Ce soir le temps se plie À la courbe de ma mémoire La fumée se confond à l’air, Espoirs et amertumes, De mes cendres atmosphère. Je rentre, la chambre est sombre et peu propice aux rêves Un refrain sombre imaginaire me tire En vers et vivant, vers l’enfer du sommeil. Je hais m’endormir et je hais me réveiller Sentir la torpeur du plomb de mes paupières Sentir couler des images que l’on croit oublier…
Deux arbres soutiennent le monde, et moi, qui n’ai rien à faire. Assis, hanté, abrité sous cette arche, Sur ce banc qui se promène. Je plonge les yeux dans l’eau passante Le temps passé me remonte. Et dessine quelque nuance de cet hiver. Les branches sont nues et se penchent Les restes de la neige fondent lentement dessus Elles retiennent ma pensée et s’instillent étrangement Sous la lumière grise que diffusent partout les nuages. Je connais trop bien ce lieu, je connais trop bien ce temps, Et leur histoire m’est familière. J’en veux à cette nuit de me les vouloir rappeler. Une goutte de souvenir roule sur ma joue, Un millier de miroirs me mirent dedans Ils mélangent mon avenir à mon passé Et donne à ce qui n’est pas encore L’allure de ce qui a été. Le présent fait le mort Mais où me suis bien égaré ? La larme tombe, fulmine sur le banc de béton Mes reflets se brisent, Je m’éparpille dans une nouvelle vision.

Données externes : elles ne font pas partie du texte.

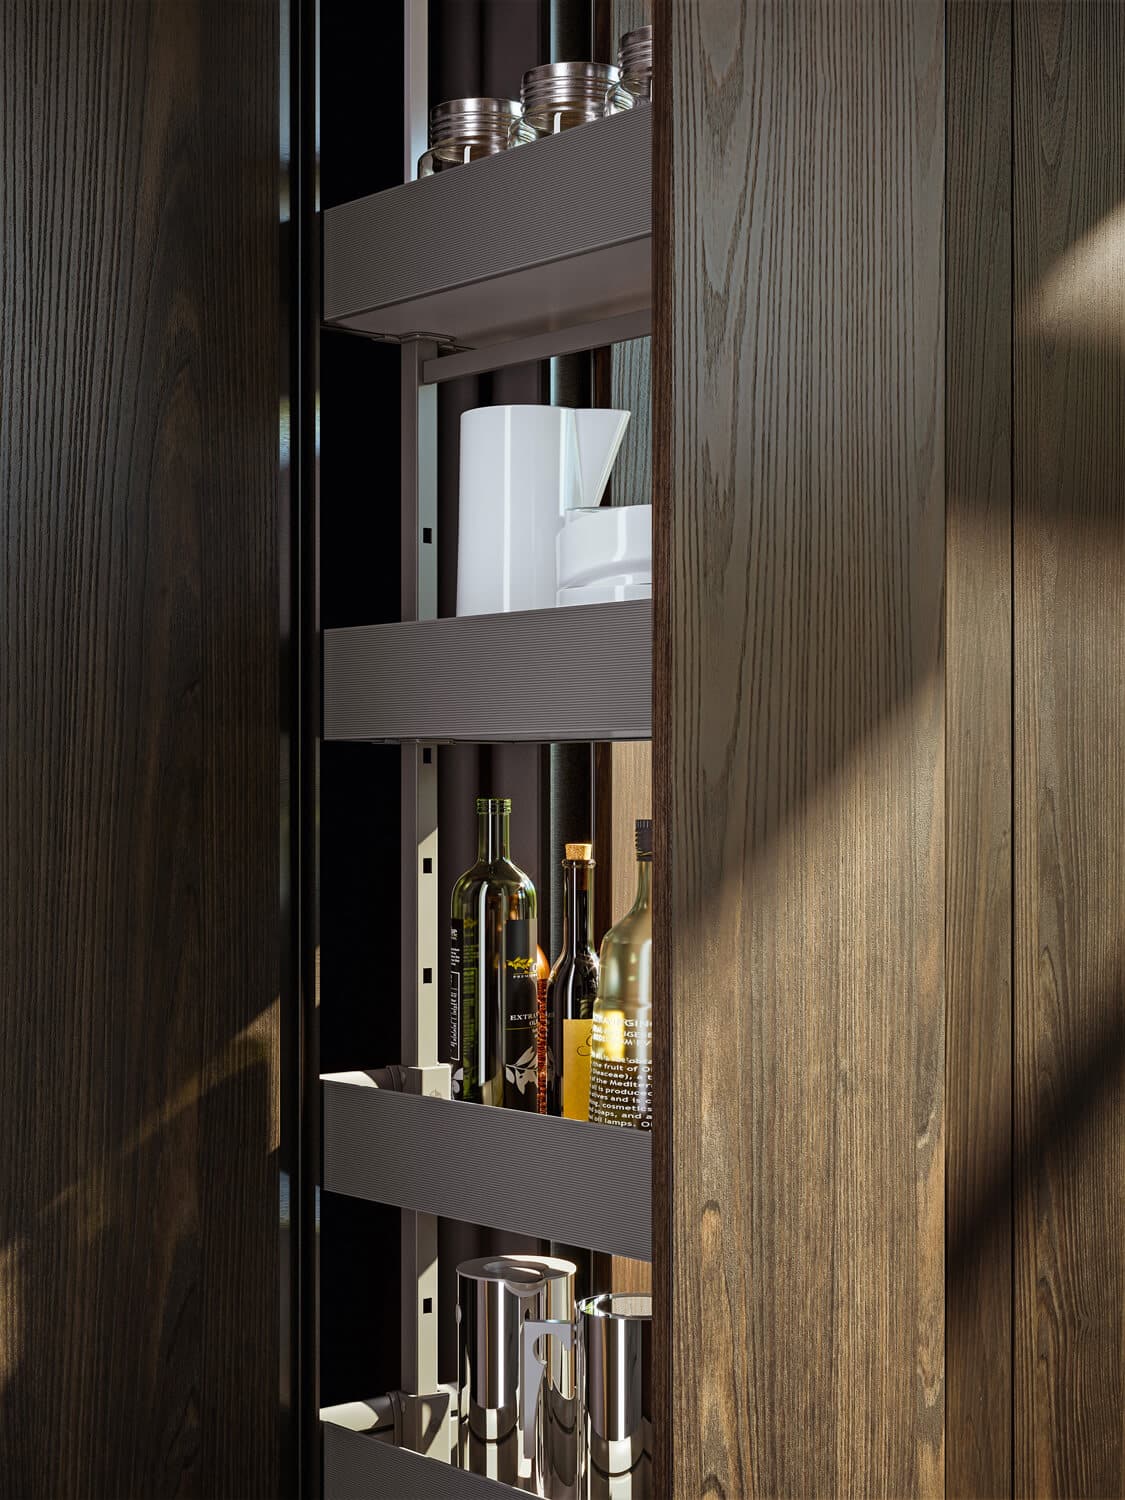 In the columns, the height of the shelves can be adjusted to fit different storage needs.

Elle me regarde ce n’est pas elle, Pas elle que j’ai aimée. Elle vient d’un autre siècle. Elle n’est pas seule mais elle est nue Allongée sur des draps de soie cireux, Les cheveux bruns, clairs comme ces yeux Une fleur à l’oreille droite, rouge. Elle me fixe, elle est nue, elle est morte, et je vis. Ses yeux me pénètrent Ils sont si noirs et si sec, tellement plein de l’oubli. Ils me disent que je n’ai rien vu, Et m’offrent sans pudeur sa vertu.
Je me souviens de ce regard, Il me dit de passer sur le tien Ce soir, ce soir il pleut de la mélancolie, Il pleut du froid et puis du noir, Tout brisé entre mes mains, Je recolle des bouts de mémoire Qui seront morts avant demain.